No Excise Tax Gross-Ups Upon a Change-in-Control: Appointment letters and employment agreements do not include 280G tax gross-up benefits.
Stock Ownership Policy: Senior Officers are expected to acquire and hold Starbucks stock worth two to six times their base salary (depending on position) within five years of appointment. Executives who are not on track by the end of the third year after becoming subject to the guidelines are subject to a holding requirement.
No Excessive Executive Perquisites: We provide limited benefits and perquisites (e.g., executive disability and life insurance, and contributions to our supplemental retirement plan).
Double Trigger Equity Acceleration Upon a Change-in-Control: Long-term incentive award grants provide for accelerated vesting upon a change-in-control only if the executive is involuntarily terminated (without “Cause”) or equity awards are not substituted or assumed by the surviving company in conjunction with that change-in-control.
No Tax Gross-Ups on Perquisites or Benefits: We do not provide tax gross-ups on perquisites or benefits except in the case of standard relocation benefits and expatriate income tax equalization benefits available to all similarly situated employees.
Independent Executive Compensation Consultant: The Compensation Committee consults with an independent executive compensation consultant on matters surrounding executive pay and governance. This consultant provides no other services to Starbucks.
No Payment of Current Dividends on Unvested Long-Term Incentives.
Mitigate Risk: Our compensation plans have provisions to mitigate undue risk, including caps on the maximum level of payouts, clawback provisions, multiple performance metrics and Board and management processes to identify risk.

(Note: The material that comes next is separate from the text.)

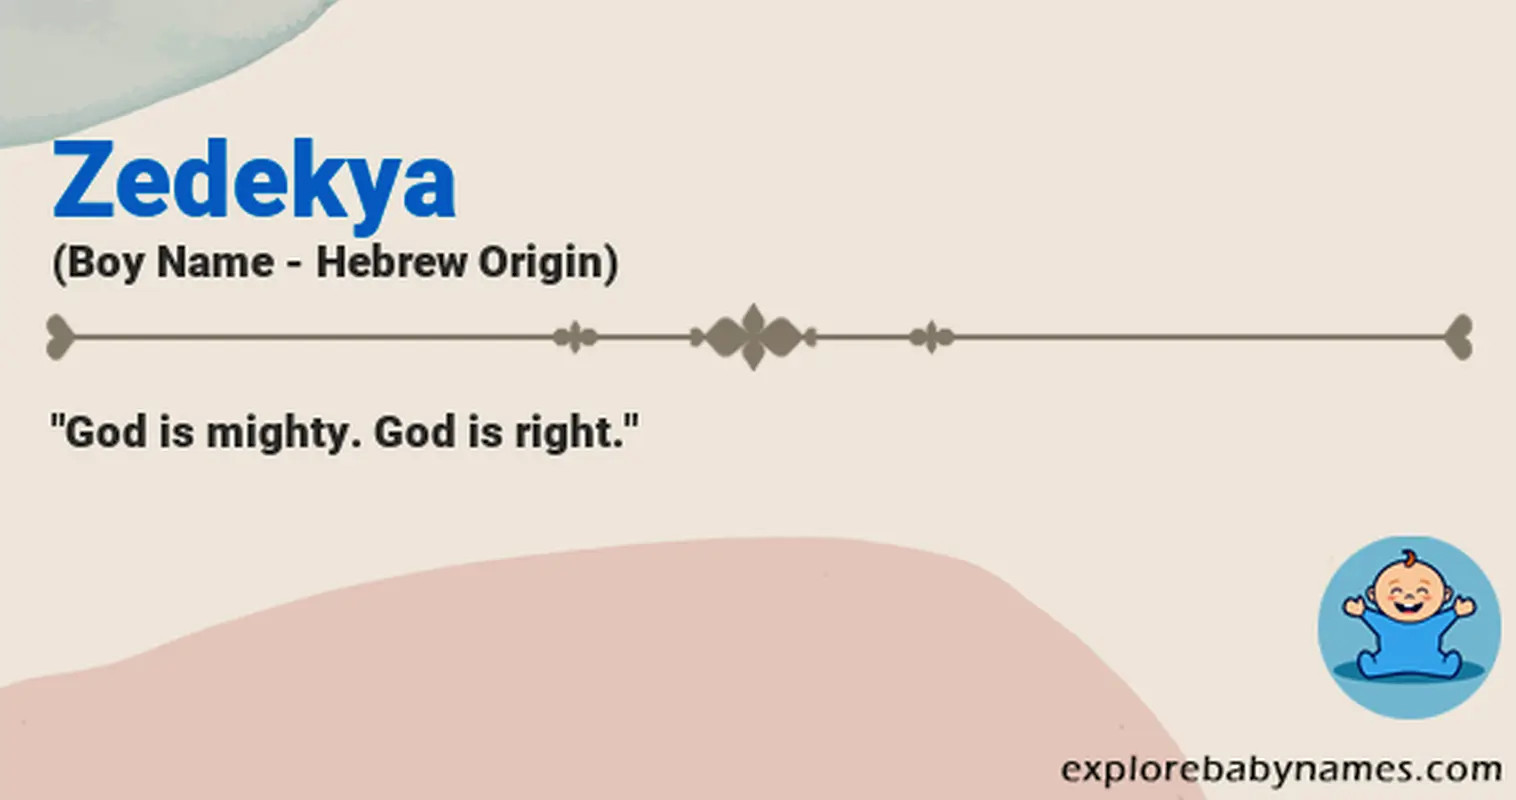 Meaning of Zedekya
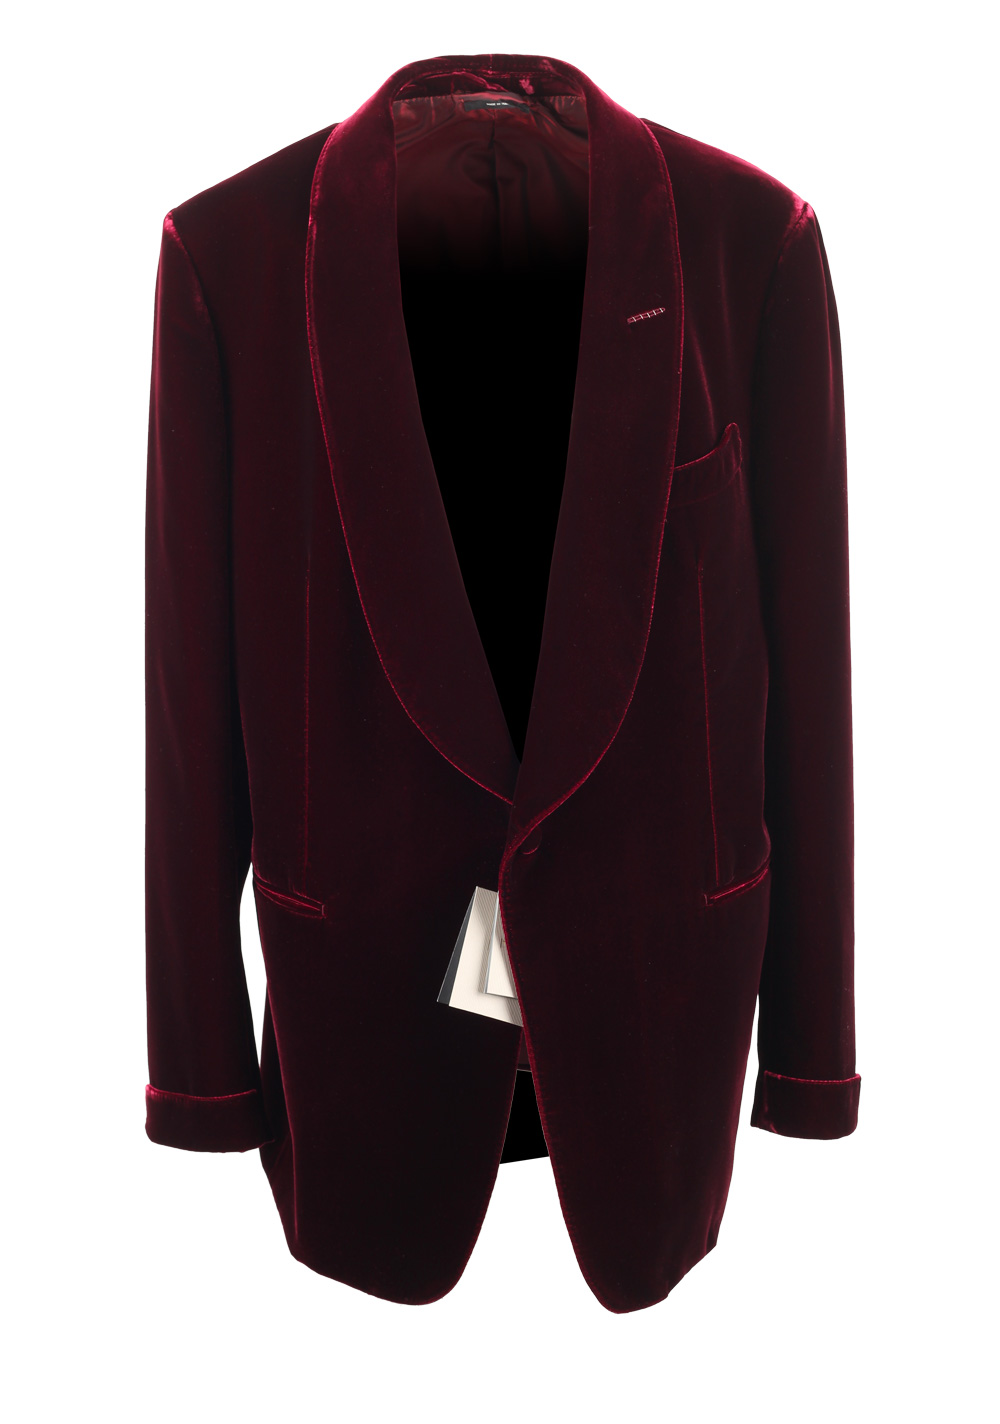 TOM FORD Shelton Velvet Red Sport Coat Tuxedo Dinner Jacket Size Size ...

The Compensation Committee does not believe any of our compensation programs create risks that are reasonably likely to have a material adverse impact on the Company.
No Repricing Underwater Stock Options Without Shareholder Approval; No Grants Below 100% of Fair Market Value.
Regularly Review Share Utilization: Management and the board regularly evaluate share utilization levels by reviewing the dilutive impact of stock compensation.
No Fixed Term or Evergreen Employment Agreements; No Severance Agreements: All NEO employment letters are open ended with no specific end dates and our NEOs have no severance agreements.
Clawback Policy: Named Executive Officers are subject to a clawback policy that applies in the event of certain financial restatements, violation of our non-competition or non-solicitation policies, or in the event of termination for “Cause.”
No Permitted Hedging, Short Sales or Derivative Transactions in Company Stock.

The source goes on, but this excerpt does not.